New NPS agreement to amp up collaboration with tribal nations

The National Park Service and the American Indian Alaska Native Tourism Association recently finalized a new five-year agreement that aims to facilitate regular, robust and meaningful dialogue between the NPS and Native American tribes. 

“Native American tribes have ancestral connections to public lands that pre-date the formation of the National Park Service by millennia,” said Sherry L. Rupert, CEO of AIANTA. “These wholly unique perspectives can serve as the foundation for one-of-a-kind cultural content for National Park Service sites.”

The agreement will expand opportunities for communication through AIANTA-sponsored virtual and in-person forums between the NPS and Native nations located in national park gateway communities. The resulting collaborations will expand awareness of American Indian, Alaska Native and Native Hawaiian connections along national trails and in national parks nationwide and help connect tribes with technical assistance programs and resources from NPS. 

A recent survey from AIANTA showed that Native nations and communities engaged in tourism at gateway communities to national park sites are interested in working with the NPS. Results showed 90% of respondents wanting to partner or work with the NPS and public lands agencies, with 80% indicating they support visitors to public land attractions — food and lodging topped the list of services, at 71% and 61%, respectively. 

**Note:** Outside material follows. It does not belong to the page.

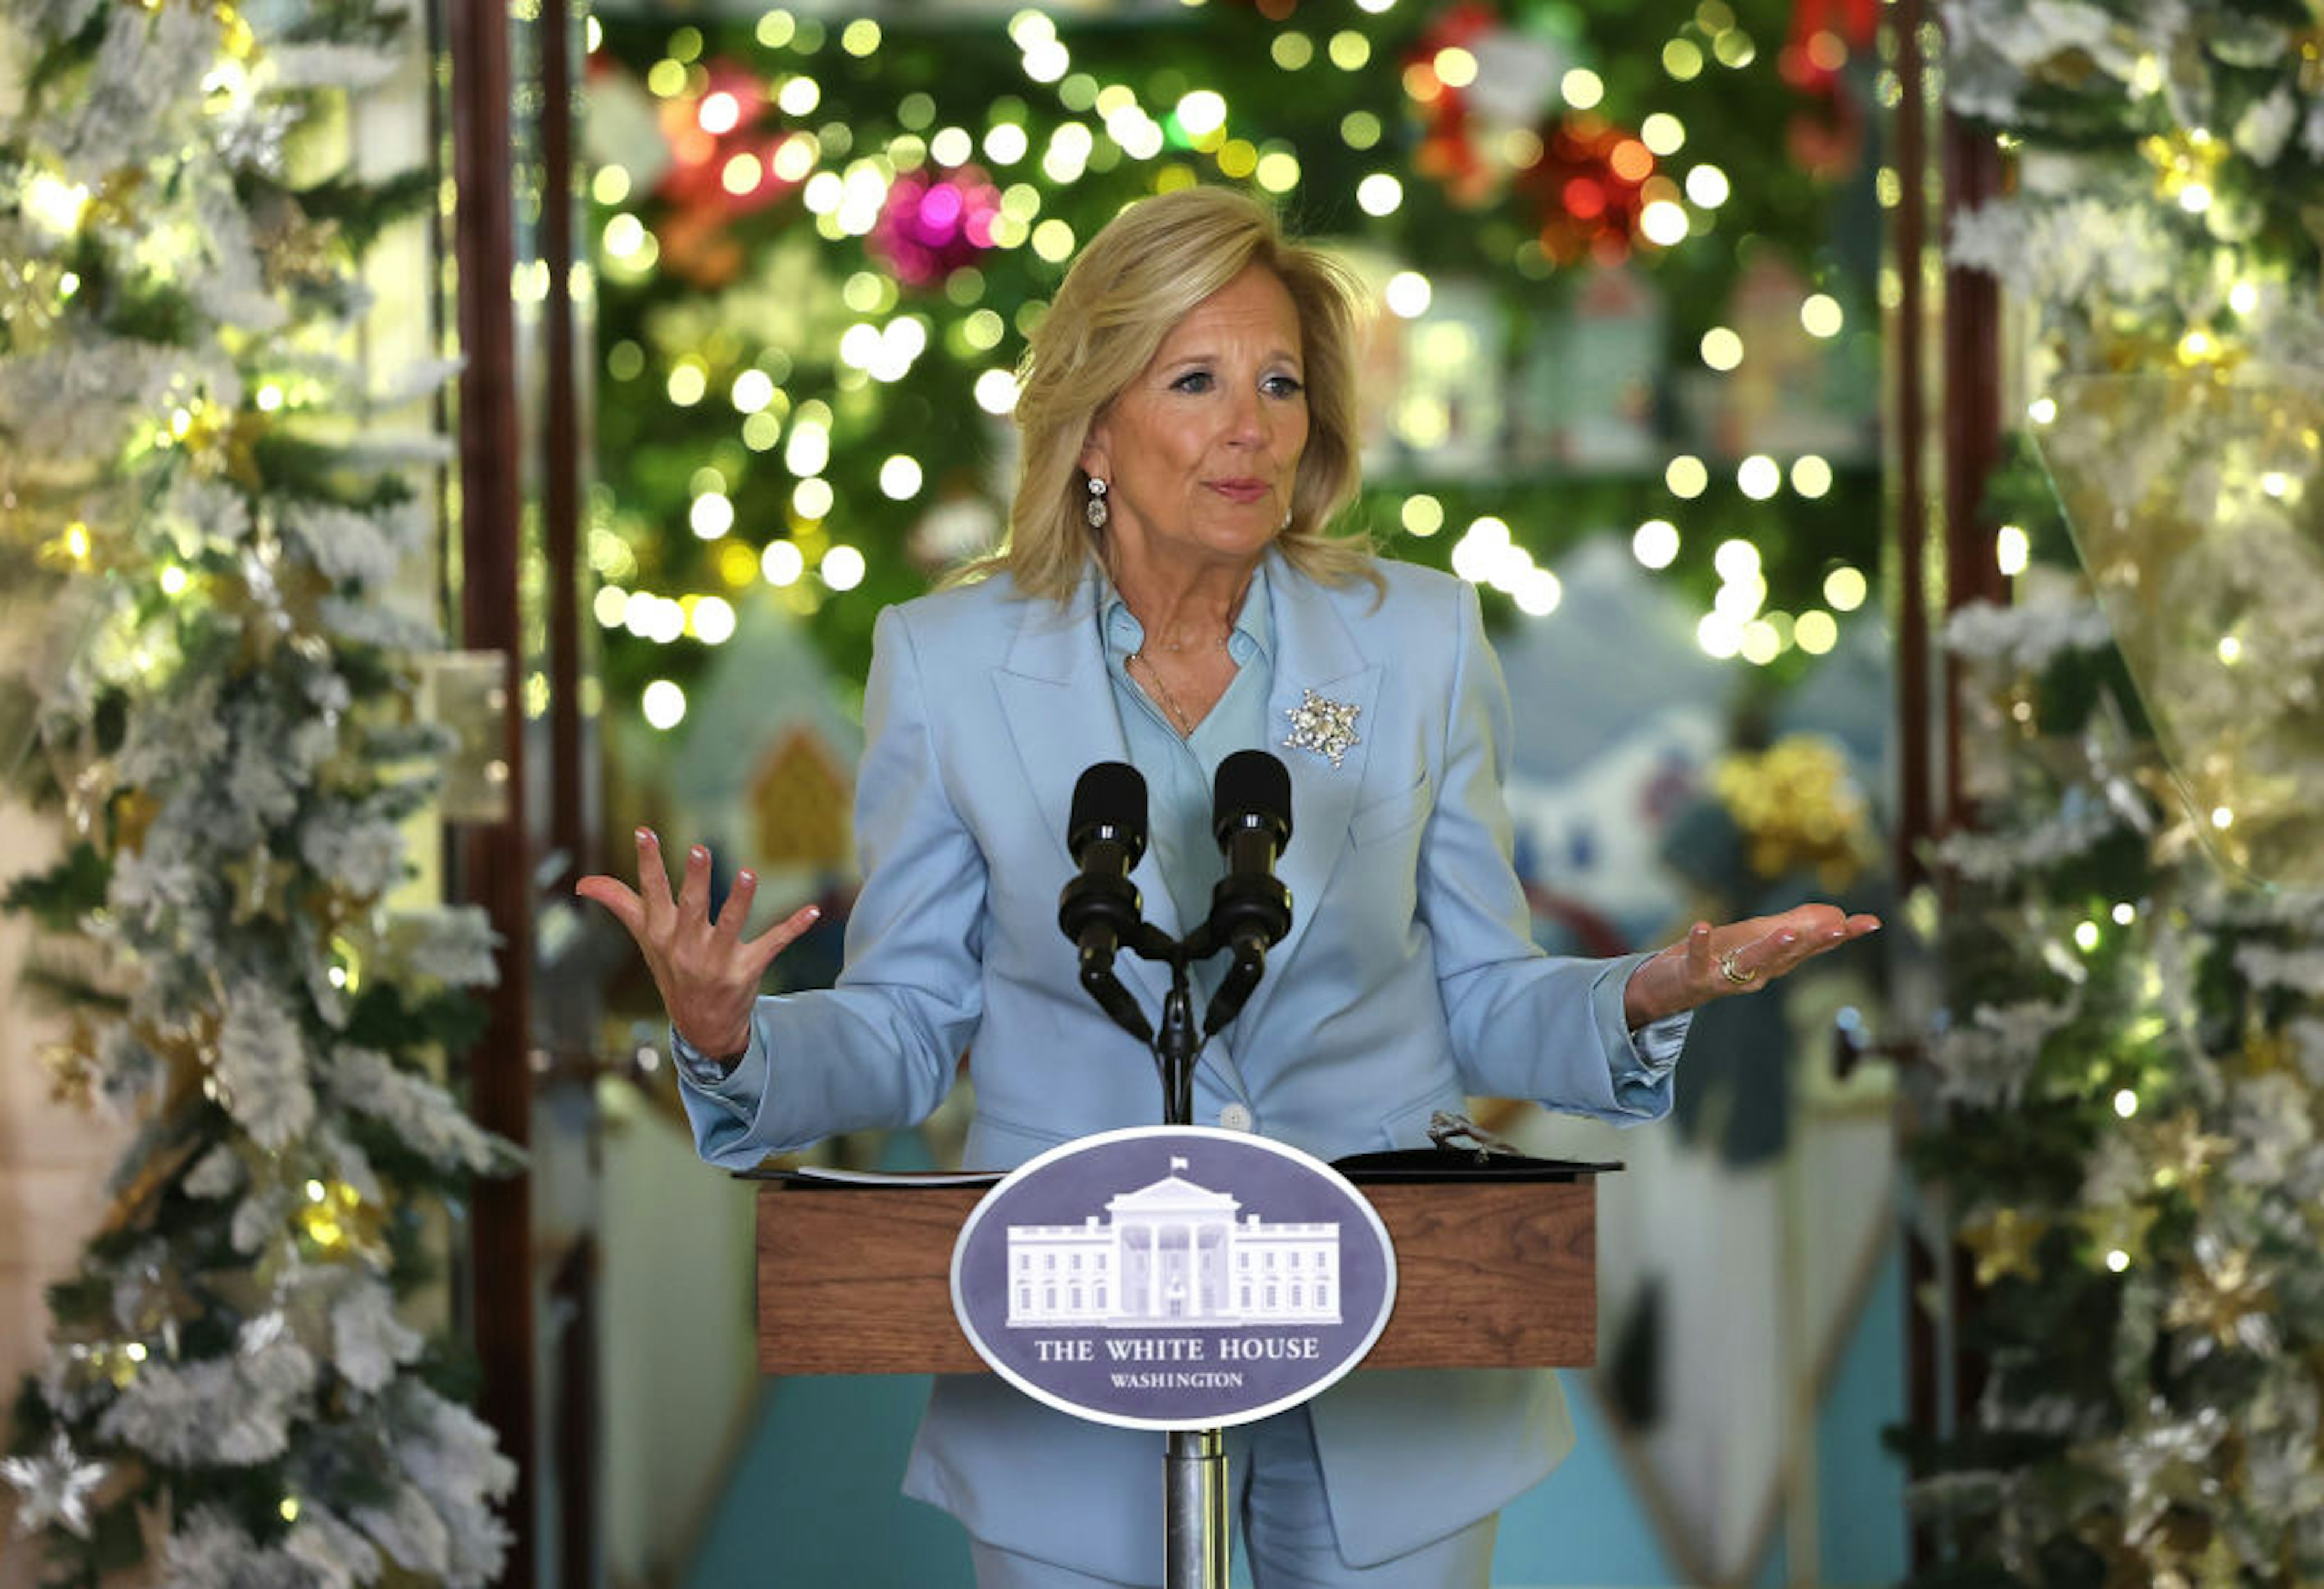 WASHINGTON, DC - NOVEMBER 27: First lady Jill Biden speaks about the holiday season and unveils the White House holiday decor while thanking volunteers who helped set it up, at the White House on November 27, 2023 in Washington, DC. The theme for this year's White House decorations is “Magic, Wonder and Joy,” and is designed to capture the “delight and imagination of childhood.” The White House expects to welcome approximately 100,000 visitors during the holiday season. (Photo by Kevin Dietsch/Getty Images)

Travelers are increasingly seeking authentic experiences, and the partnership will highlight opportunities for visitors to engage with tribal communities and support Native-owned businesses. More than 71 tribes have been contacted to lend their voice to Tribal Stories Along the Juan Bautista de Anza National Historic Trail, and a similar project to bring Native voices to the forefront of the visitor experience is also underway for the Lewis & Clark National Historical Trail.